2. I want to quote something from Professor Austin Duncan-Jones on the difficulties of language, which you might enjoy. Again, the theme of atomism in language is made the centre of attention. This is from his book "Butler's Moral Philosophy" (p. 31), where he discusses Joseph Butler's writing style, and explores some of the difficulties in writing about philosophical matters, which originate in the limits of language itself:
Duncan-Jones said:
Butler had certain clearly held opinions about the functioning of language. Of the meanings of words he took what is now fashionable to call a 'contextual' view: he held, that is, that words are not, as too great reliance on concise dictionaries might make us suppose, bricks or atoms of meaning, each of which enters without change of shape, size or mass into walls or molecules of meaning, whose properties can be deduced from those of their components. To amplify Butler a little, language operates in wholes of varying size and complexity, whose ingredients include people's thoughts, acts, and situations, as well as their words: and the whole contributes as much to the force of the word or idiom as the word to that of the whole. "I must desire the reader" (Butler writes) "not to take any assertion alone by itself, but to consider the whole of what is said upon it: because this is necessary, not only in order to judge of the truth of it, but often, such is the nature of language, to see the very meaning of the assertion" (Preface to the Fifteen Sermons Preached at the Rolls Chapel (1729)). Thus, although Butler adopted from Locke the notion of the imperfection of language, he did not follow Locke in supposing that a few simple maxims of definition would provide a remedy.

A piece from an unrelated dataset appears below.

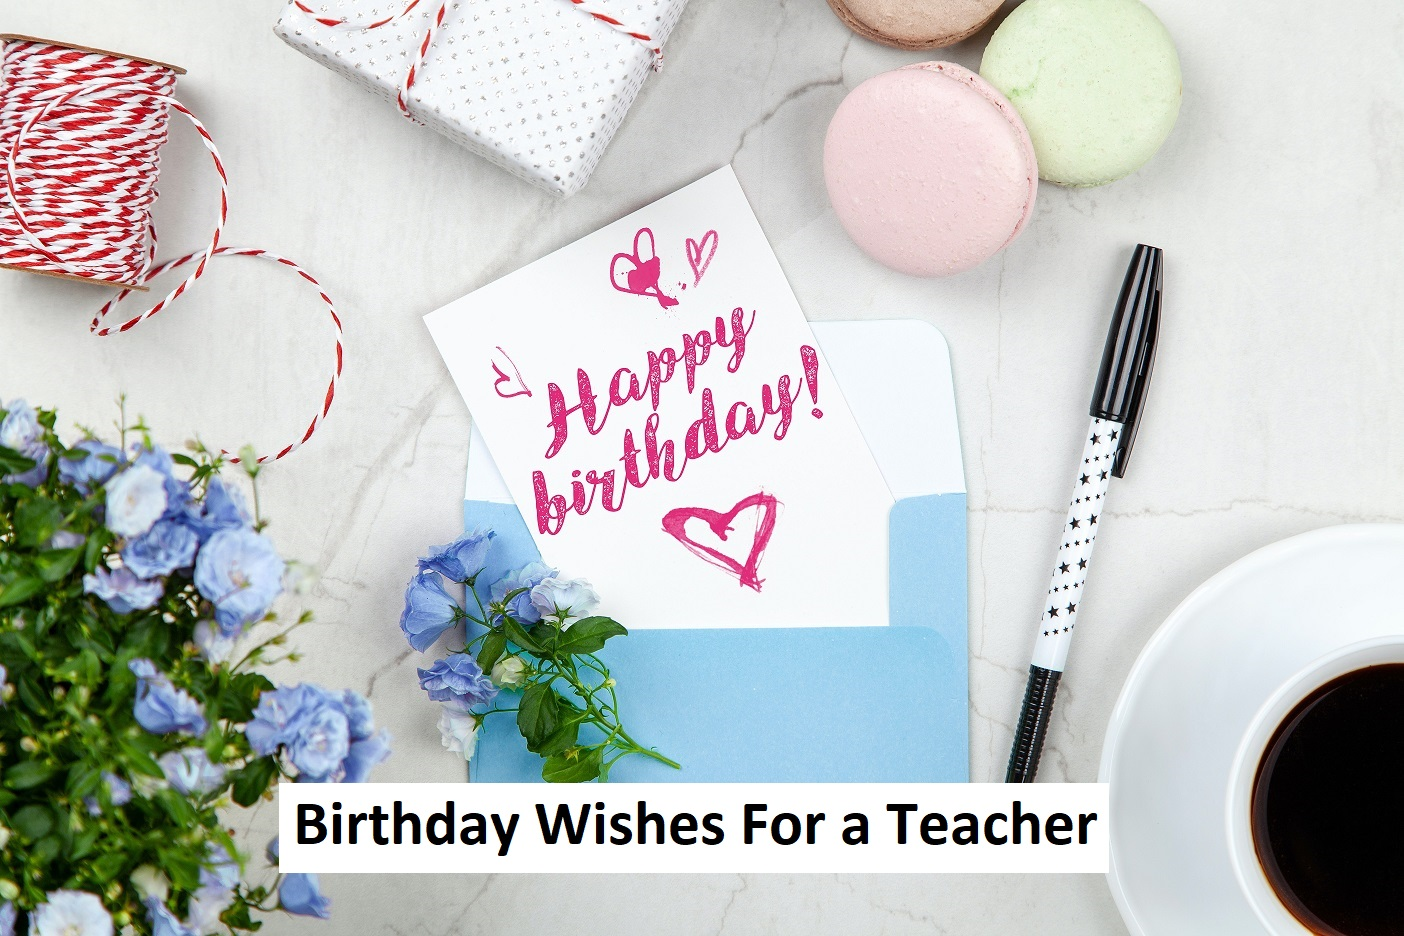 Best Birthday Wishes For a Teacher

So there we are. And perhaps we begin to understand, too, why philosophy of language became the frontier of modern philosophy - and indeed harsh, mind-bending territory too. It offers a challenge to how we express things, which further offers a challenge to how we
think about things. And it suggests that we may have got everything wrong.
So it's easy enough for misunderstandings to arise when writing about philosophy. Your problem
seems to be that you're not even considering that there might be a difficulty. Your posts often read like wiseacreing for this very reason: you seem to think that lack of clarity is just a natural part of any presentation in philosophy because the subject-matter itself is unclear. But this is surely just to invite disaster. You
can make your presentations clear enough for people to understand what you are saying - and indeed you should find that it's actually fun trying to put your thoughts into clearer English.
If you don't achieve some level of clarity, there really is very little reason to jot your thoughts down here; you might be better off just putting them in a private journal. This of course is not to suggest that you might not have some good points to make - but without more effort at achieving clarity (which boils down to external consideration) your points are largely without value because they lack that most important thing of all: humility.
Hard words, I know. Of course I'm conscious that my own words in this very post are probably somewhat incoherent, which is all rather ironic. The point, though, is that it's useful for everybody to at least
try and be as understandable as they possibly can be.
Please let me know if anything remains unclear.